В каком-то смысле категория «вкус», характерная для дворянского, элитарного чтения, не подходит для описания того, как воспринимают и «потребляют» литературу читатели-разночинцы{28}. Тем, кто изучал «реестры» Добролюбова, пришлось констатировать, что он читал без разбора, всё подряд, не разделяя тексты на «хорошие» и «плохие» до начала чтения, но развешивая ярлыки постфактум. Многие читатели из более образованной среды в ту эпоху поступали иначе: заранее — в силу совета воспитателя или родителя либо статьи критика — исключали из круга чтения, скажем, прозу Фаддея Булгарина, Константина Масальского, Осипа Сенковского, Владимира Зотова, Михаила Воскресенского и других прозаиков, в 1840-е годы дискредитированных Белинским и его союзниками, но, разумеется, с жадностью читавшихся.
Добролюбов в этом смысле был типичный провинциальный читатель 1850-х годов, вкусы и пристрастия которого неоднократно описаны в романах Писемского, Тургенева, Гончарова, Панаева. Любимым жанром пятнадцатилетнего Николая были романы и повести — исторические, светские, сказочные, психологические. Марлинский, Загоскин, Вельтман, Кукольник, Масальский, Зотов (а из европейских — Дюма) — вот те авторы, чьи романы высоко оцениваются в его «Реестрах» и, что важнее, удостаиваются развернутых и весьма эмоциональных характеристик («превосходная вещь», «превосходный роман» и пр.). При этом Добролюбов часто критикует композиционные решения, анахронизмы, неправдоподобие характеров и антуража; особенно характерна такая критика исторических романов Константина Масальского. Любовь к легким романам не исключала вдумчивого чтения произведений авторов первого ряда — Державина, Жуковского, Пушкина, Лермонтова, Тургенева, Диккенса, Теккерея, Шекспира, Жорж Санд и многих других. «Реестры» полны сведений о прочитанных собраниях сочинений классиков и переводных европейских новинках. Тем не менее бросается в глаза, что ни Пушкин, ни Шекспир не вызывают у Добролюбова такого желания пространно высказаться в «Реестре» о форме и содержании их творений, как Вельтман или Диккенс. О Пушкине Добролюбов обычно пишет «Прекрасно. Пушкин — гений»{29}.

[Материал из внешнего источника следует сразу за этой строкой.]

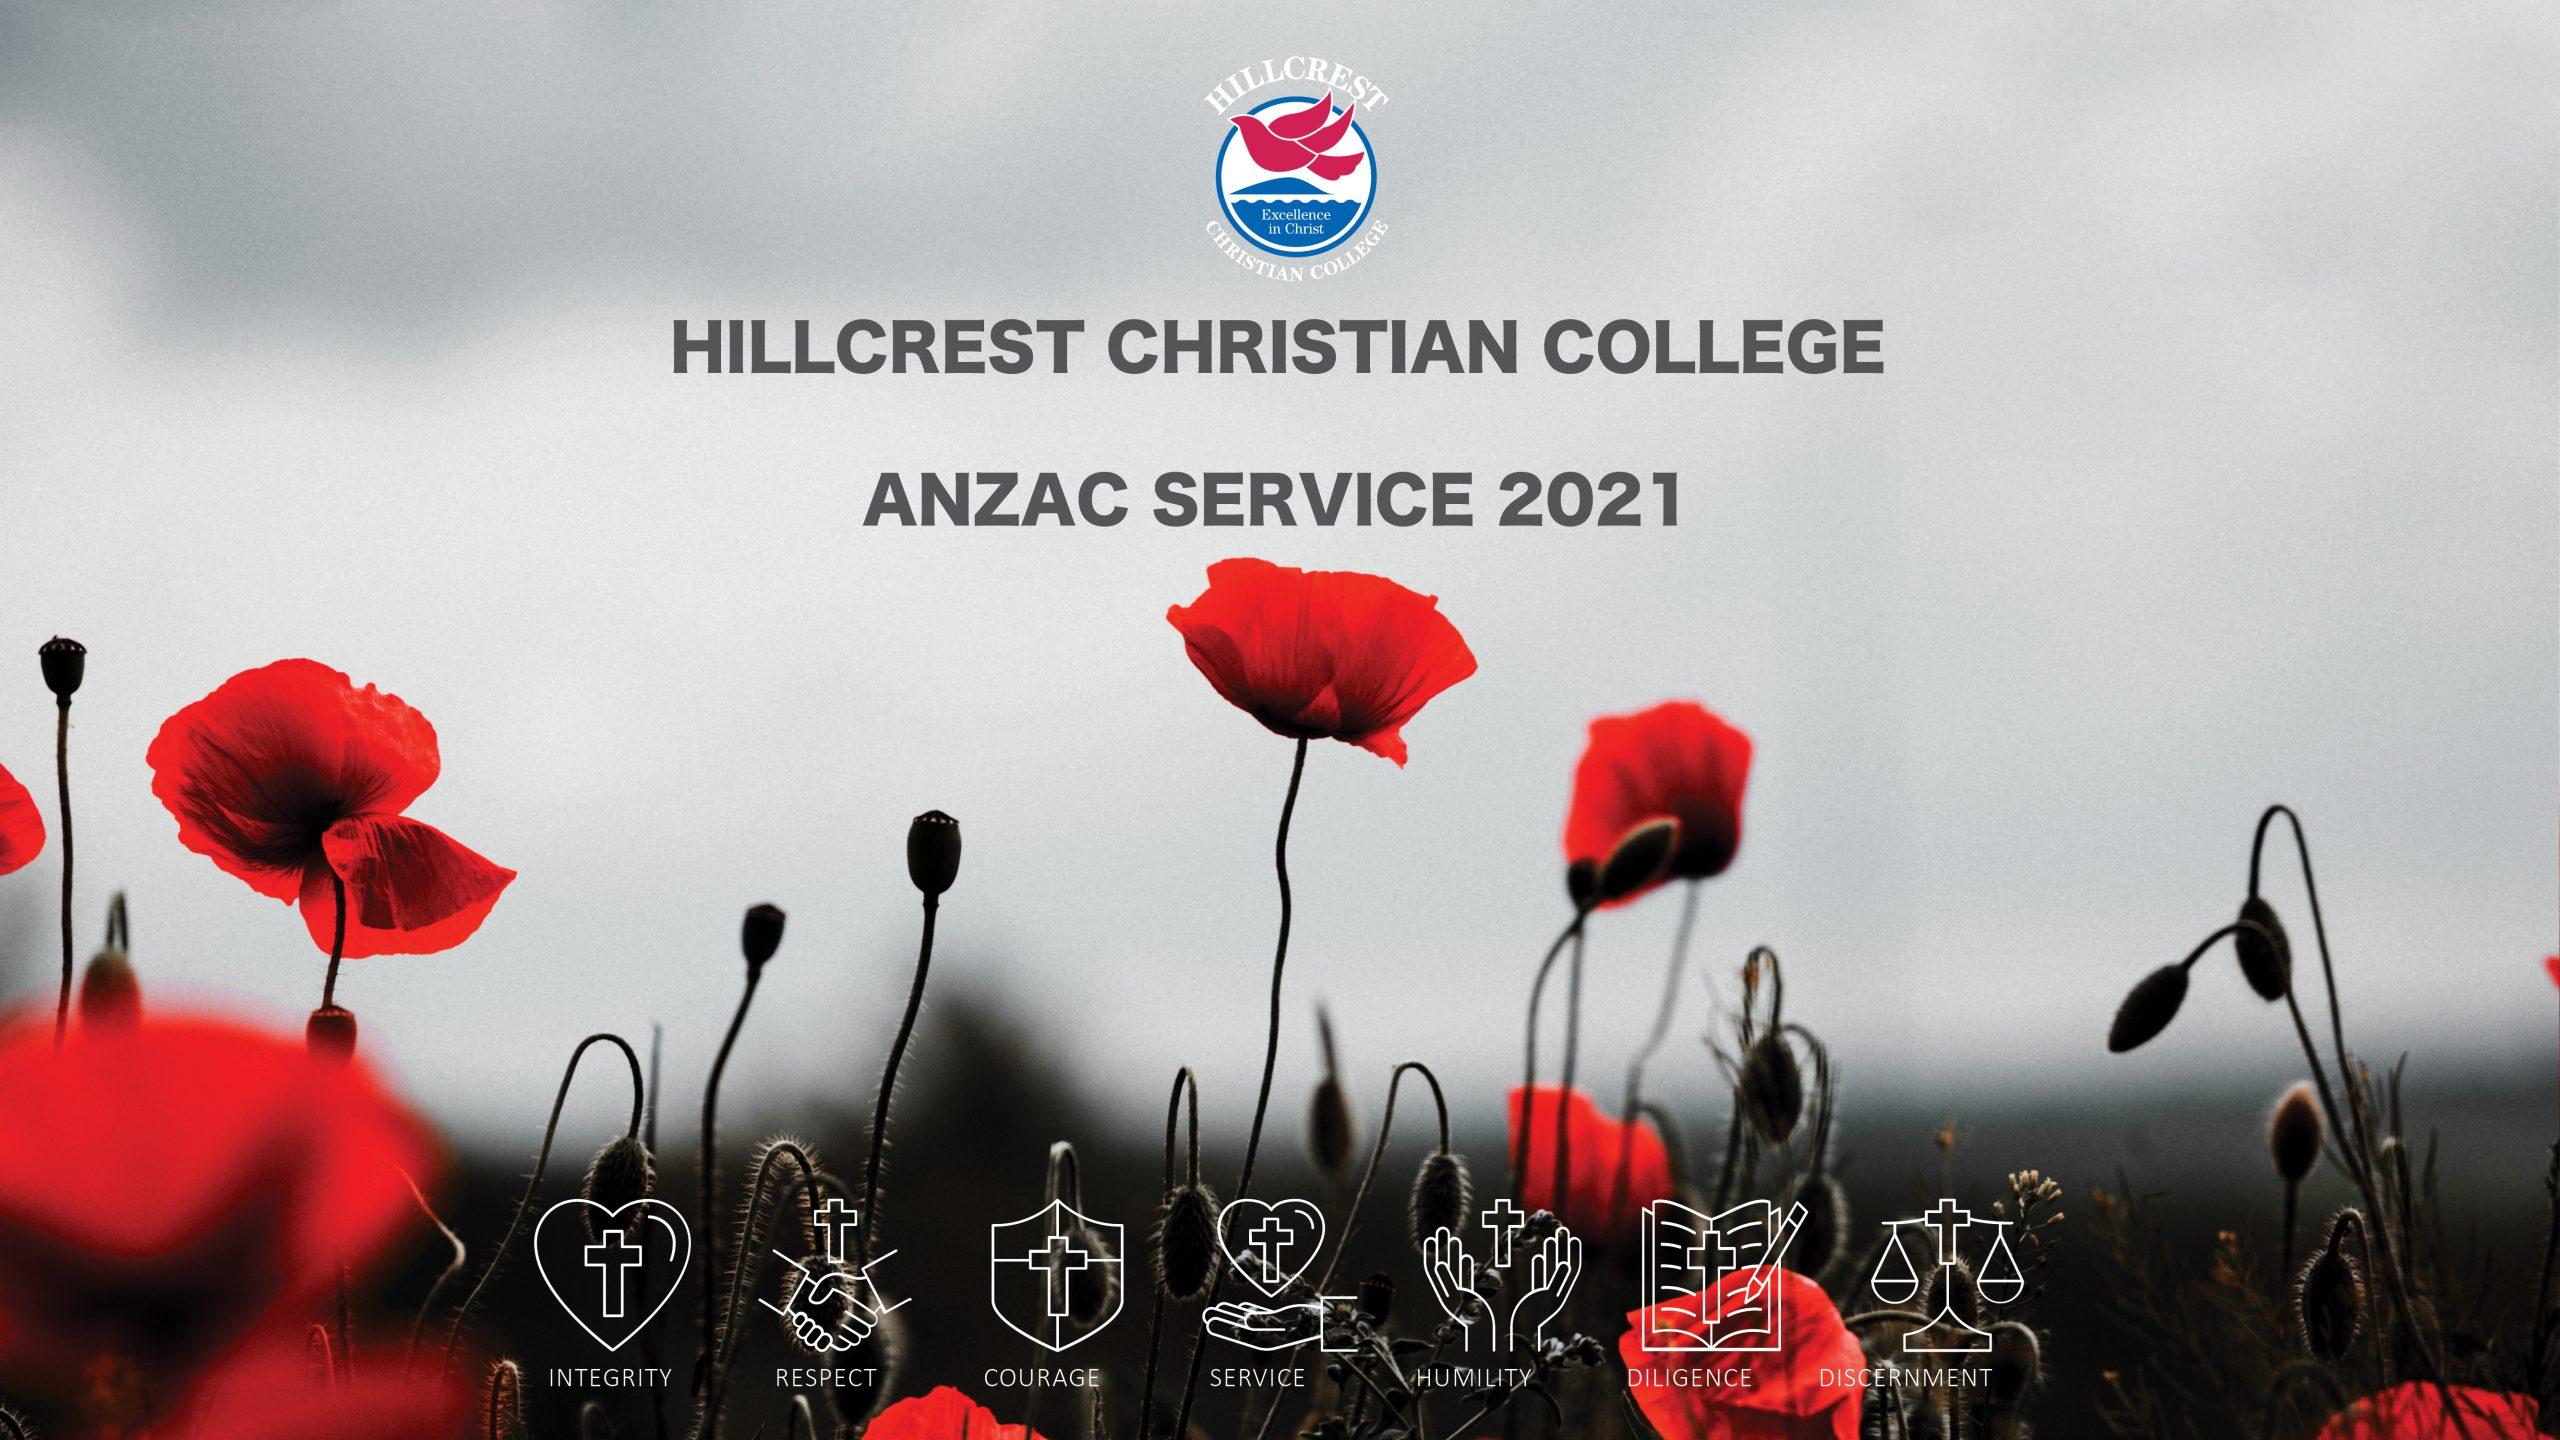 ANZAC SERVICE 2021

Причина различной «глубины» оценки заключается в том, что тексты писателей второго-третьего ряда критиковать и препарировать Добролюбову было легче и сподручнее. Точно так же происходило с молодыми начинающими авторами, не имеющими устоявшейся репутации. Здесь в большей степени проявлялись будущие пристрастия критика. Так, он осуждает любые проявления мистицизма и фантастики. Его раздражение вызывают все двойные мотивировки, характерные для фантастической прозы, у Аполлона Григорьева («дрянь»){30} и раннего Достоевского. Не увлекает его проза Тургенева, зато наиболее ценимыми и любимыми становятся «Герой нашего времени» Михаила Лермонтова, «Тамарин» Михаила Авдеева (1851) и «Богатый жених» Алексея Писемского (1851). Выбор не случаен — и Авдеев, и Писемский по-разному работают в русле «лермонтовского направления», предлагая читателю вариации образа Печорина (у Авдеева — подражательные, у Писемского — сниженные), с которым юноша Добролюбов открыто себя идентифицирует:
«Я имею горестное утешение в том, что понимаю себя с моим еще не установившимся характером, с моими шаткими убеждениями, с моей апатической ленью, даже с моей страстью корчить из себя «рыцаря печального образа» Печорина или по малой мере «Тамарина»{31}.
В этом признании, сделанном в связи с первой любовью Добролюбова к Феничке Щепотьевой (о чем речь впереди), характерно всё — и отсылки, и цитаты, и соположения. Печорин, роман о котором Добролюбов читал по меньшей мере три раза{32}, кодируется через «рыцаря» из романа Сервантеса и становится в один ряд с подражанием роману Лермонтова в «Тамарине» Авдеева:
«В начале прошлого года я как-то всё сбивался: хотел походить на Печорина и Тамарина, хотел толковать, как Чацкий, а между тем представлялся каким-то Вихляевым и особенно похож был на Шамилова»{33}.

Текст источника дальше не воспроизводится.